**Data shown:**
——
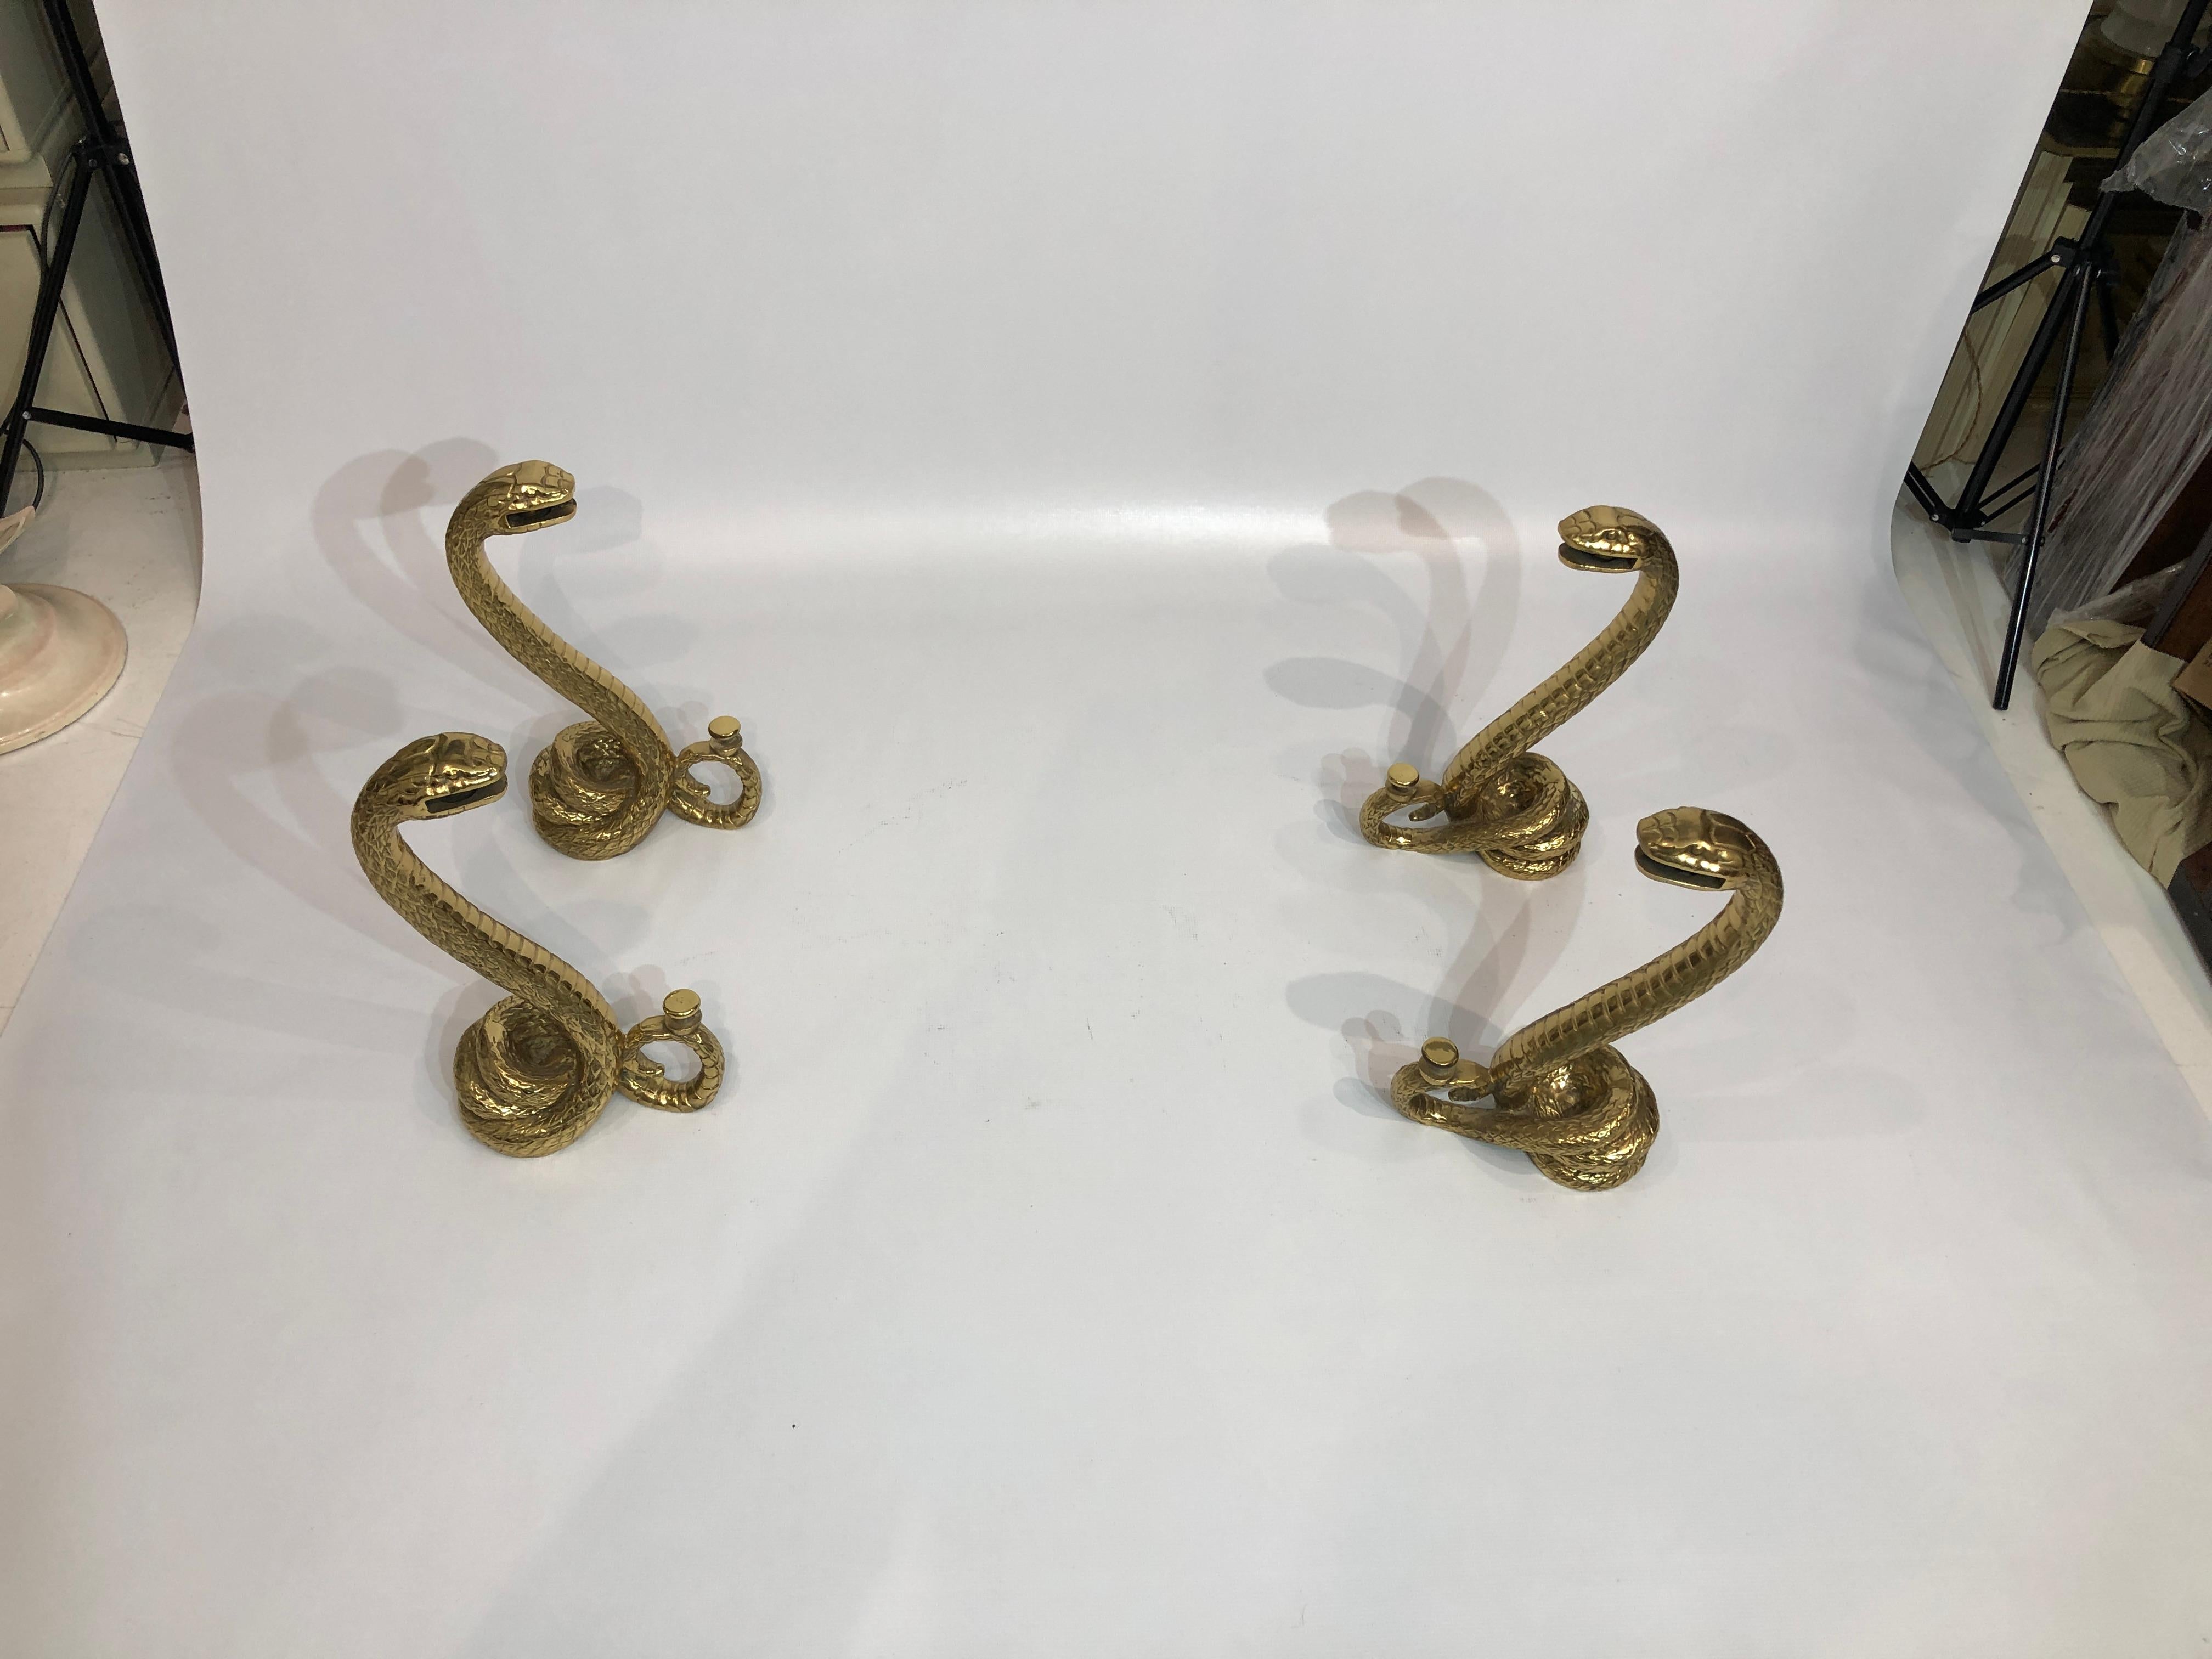 Alain Chervet Brass Snakes Coffee Table Base 1970s Glass Hollywood Regency In Good Condition For Sale In London, GB
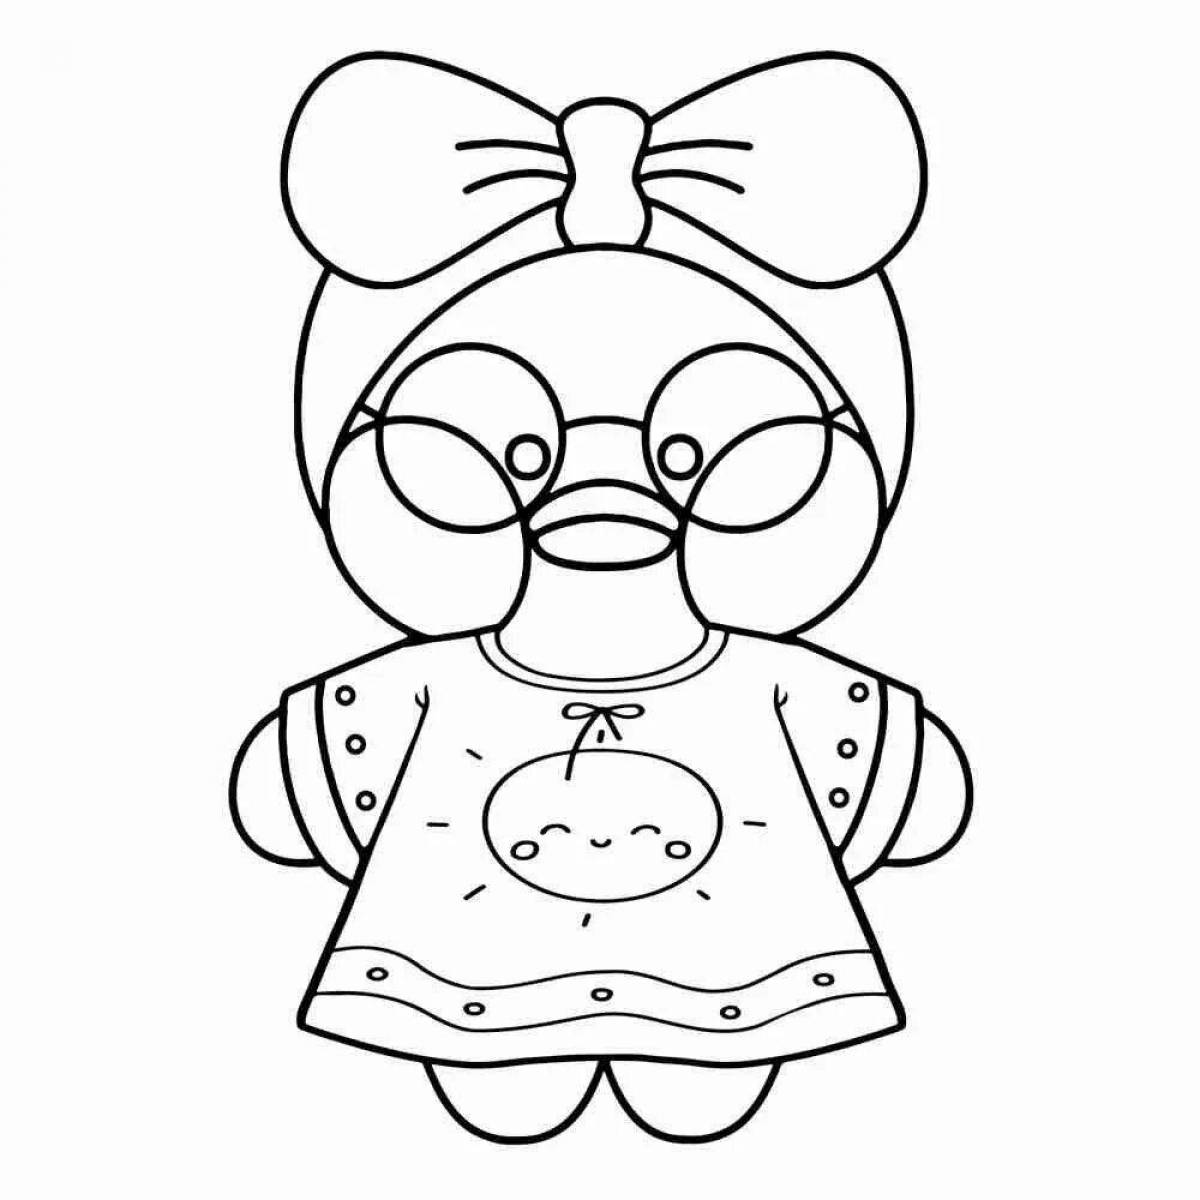 Color-explosion coloring page утка лалафан с одеждой
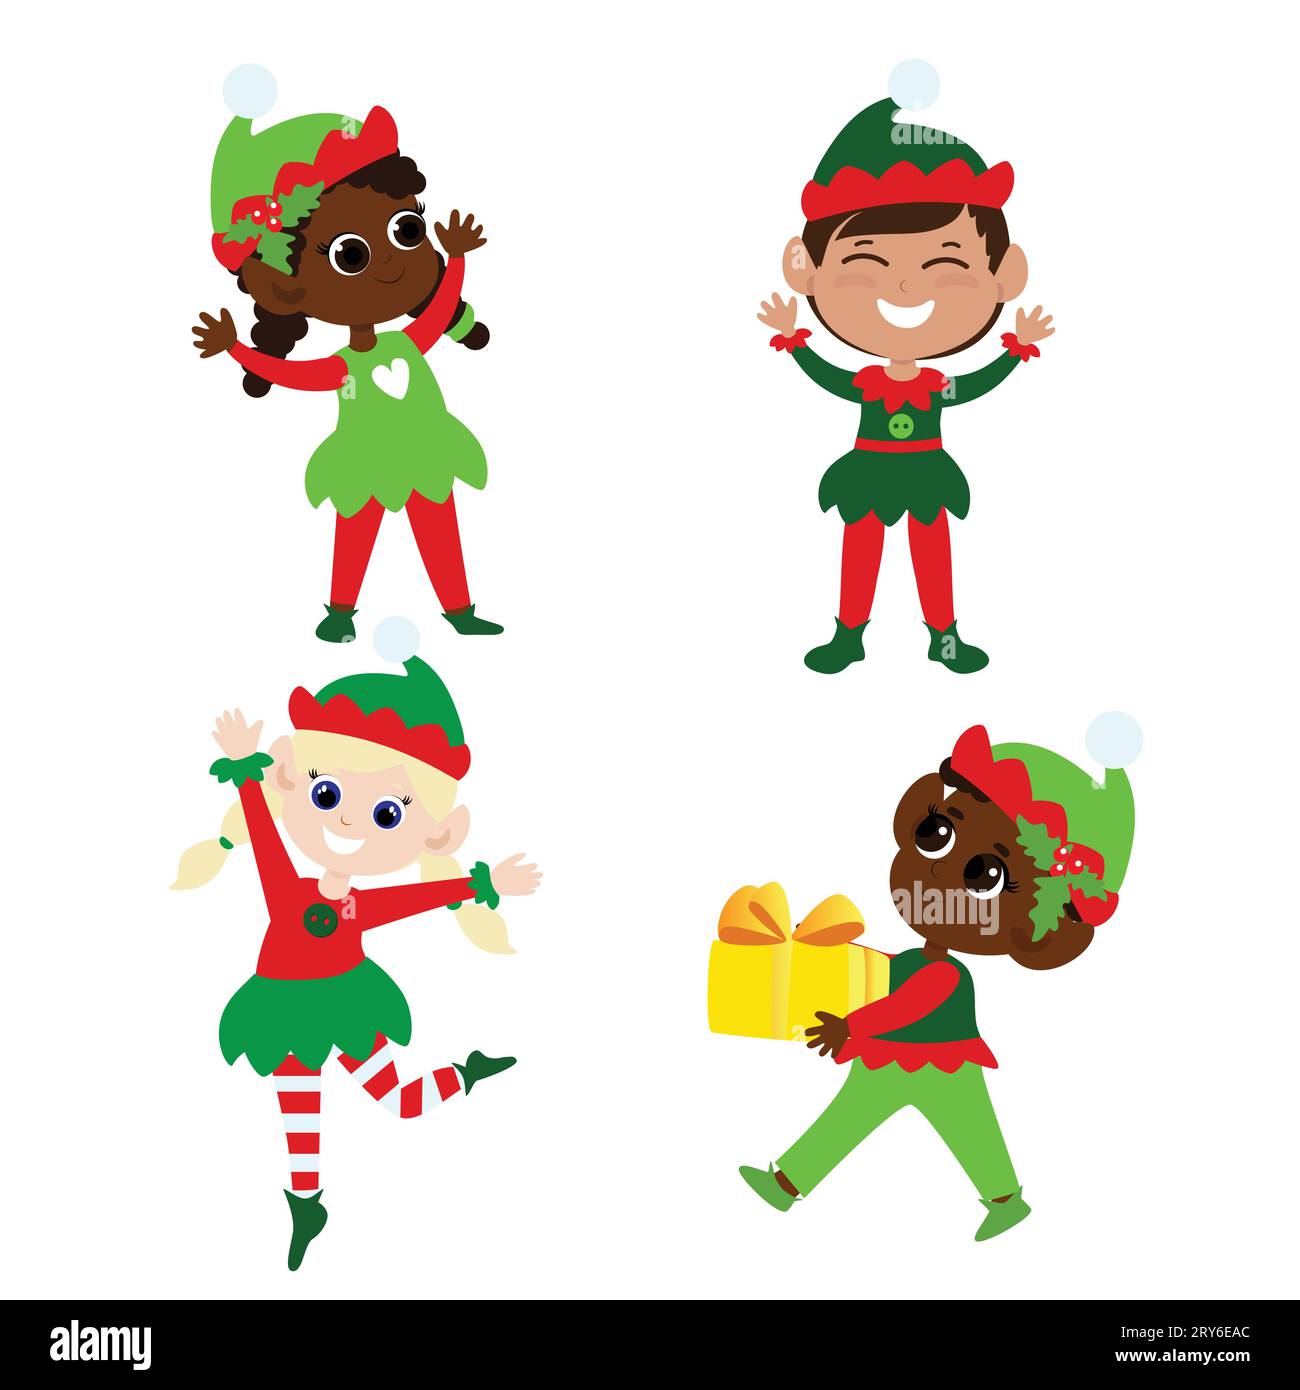 Set Christmas elves. Christmas collection multicultural boys and girls in traditional elf costumes. They dance, smile, bring gifts. Stock Vector
——
Once the pictures are set aside, output the whole listing exactly.

**Output of the task:**
 Alain Chervet Brass Snakes Coffee Table Base 1970s Glass Hollywood Regency In Good Condition For Sale In London, GB
 Color-explosion coloring page утка лалафан с одеждой
 Set Christmas elves. Christmas collection multicultural boys and girls in traditional elf costumes. They dance, smile, bring gifts. Stock Vector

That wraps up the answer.